Perhaps we might give the Eddaic Twilight of the Gods a more human and strictly European interpretation. May it not also foreshadow the great Armageddon struggle which is evidently impending between the Teutonic races in Western Europe, with their Protestantism, free speech, individual liberty, right of private judgment, and scorn of all thraldom, both material and mental, on the one side, and the dark powers of absolutism, repression, and irresponsible authority in church and state, on the other? How Russia, the type of brute-force, presses with crushing weight on intellectual Germany! Soon she will absorb the old kingdoms of Scandinavia,to wit, Sweden, Norway, and Denmark. On the shores of Norway the ruler of the Sclavonic race will hang over Scotland and England, like a bird of prey about to swoop upon his victim.
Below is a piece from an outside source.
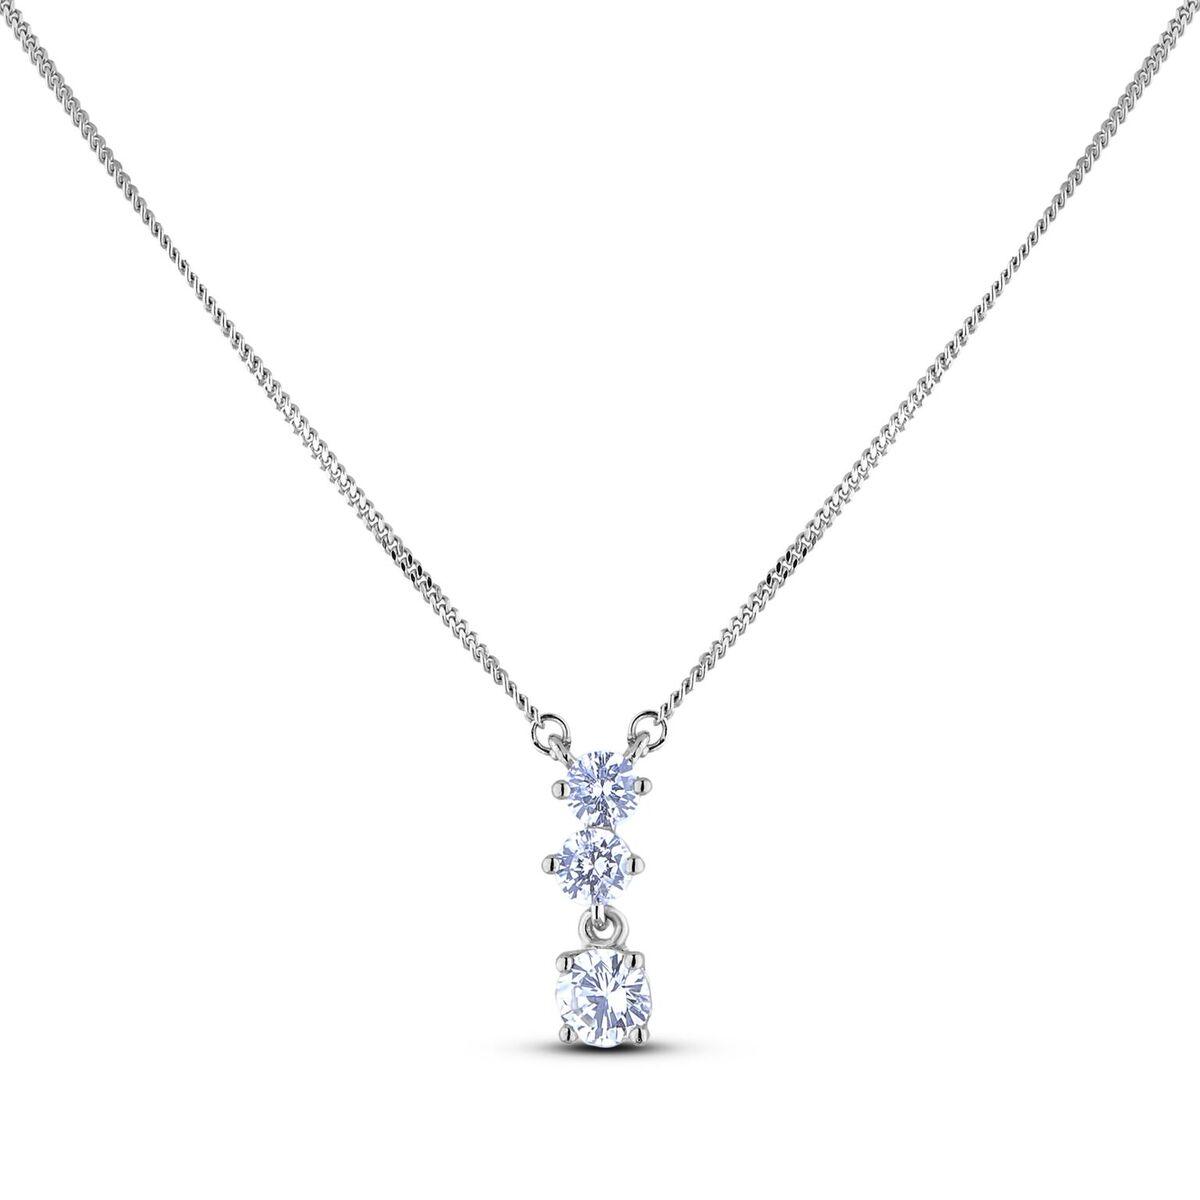 Diamond Necklaces SJL-SEC-MX-ND2776 (Pendants)

All despots and absolutists will array themselves under his banner or be his auxiliaries. The old hierarchies will be banded with him to crush out Protestantism, which is a plant of Teutonic growth. Old Asia, with her rancor and despotic traditions, recognizes in the Russian imperial rule a congenial rallying-point against the progressive and hated Anglo-Saxonism and Protestantism of the West. A decisive struggle is surely impending between freedom and absolutism, between the bigoted adherents of the old faiths and the nations that have cut loose from them. Perhaps this struggle may be prefigured in the old Northern myth of the Twilight of the Gods.